The Encarta World Dictionary defines "abiku" as:

[a] West Africa reincarnated being: a spirit in the form of a child who must repeatedly die and be reborn

With this in mind, it might seem that Clarke is speaking to the dead spirit, welcoming it. However, this definition may be used in the poem metaphorically.

The setting is a home—the speaker's home. He encourages the spirit to go where it must:

Coming and going these several seasons,

Do stay out on the baobab tree,

Follow where you please your kindred spirits

If indoors is not enough for you...

...but even with this said, the speaker goes on to describe the abode. He is honest in his assessment of the physical structure. The thatched roof leaks when the rain is hard ("when flood brim the banks"), and bats and owls break through the eaves at night by ripping into the roof's covering. When the harmattan...

a dust-laden wind on the Atlantic coast of Africa in some seasons...

...arrives, the chance is much greater of the walls going up in smoke and fire because the blaze used to dry the fish whips about with the gusts of wind.

The speaker describes a humble home that does not offer much in the way of material substance: it struggles to survive the elements and nature's creatures. However, within these walls, there are those who will welcome the "child." The speaker may well be addressing a literal "child," one that has lost home and family and is being invited to stay. (And if not, he is still extending his invitation—but to a ghostly child that forever wanders, offering it a place where it might rest.)

I would suggest (my interpretation) that the theme of the poem is home: there is always a place for you at our fire, however humble.

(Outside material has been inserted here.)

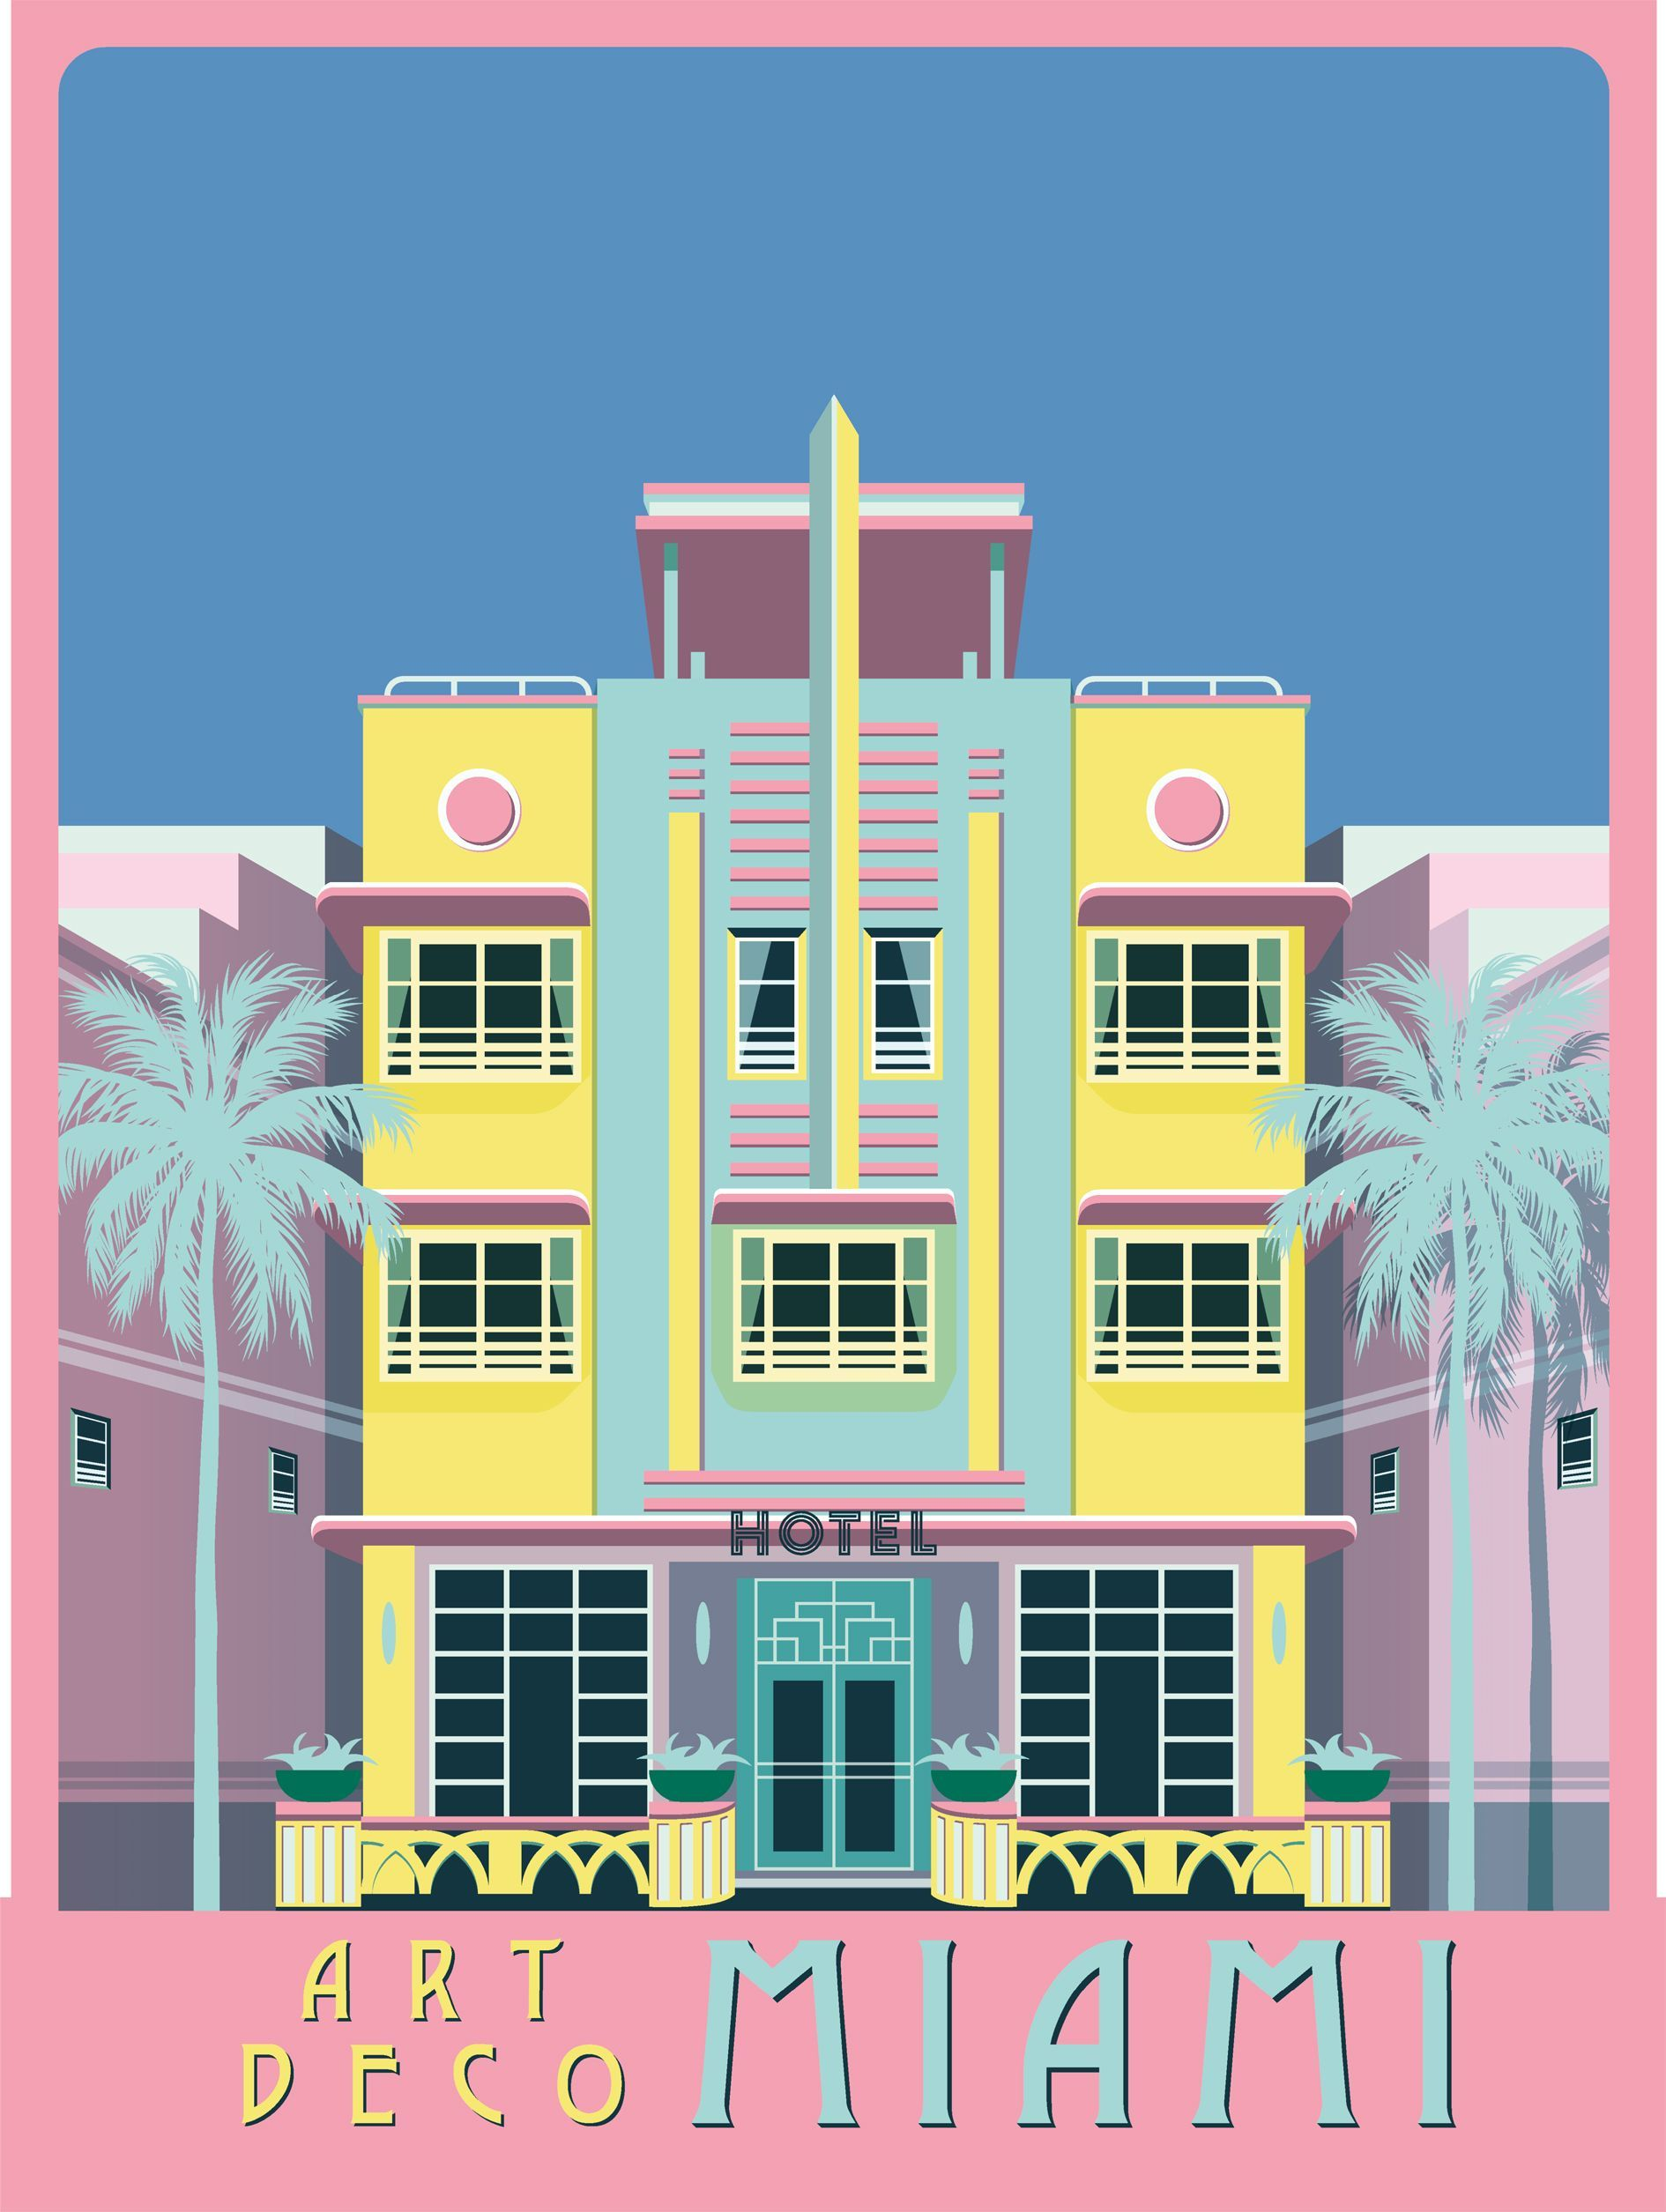 80s Art Retro Graphic Design Miami Art Deco Art Deco Illustration Art Deco Posters

The setting is presented in such a way that the invitation is a modest one, but genuine—no promise is made of great comfort or lavish appointments. But the speaker is suggesting that the willing, kind and welcoming people that live within, however poor and fragile the house may be, offer not material substance as much as emotional substance: support, concern and love. In these things, they have a great supply—

For..."many more mouths gladden the heart."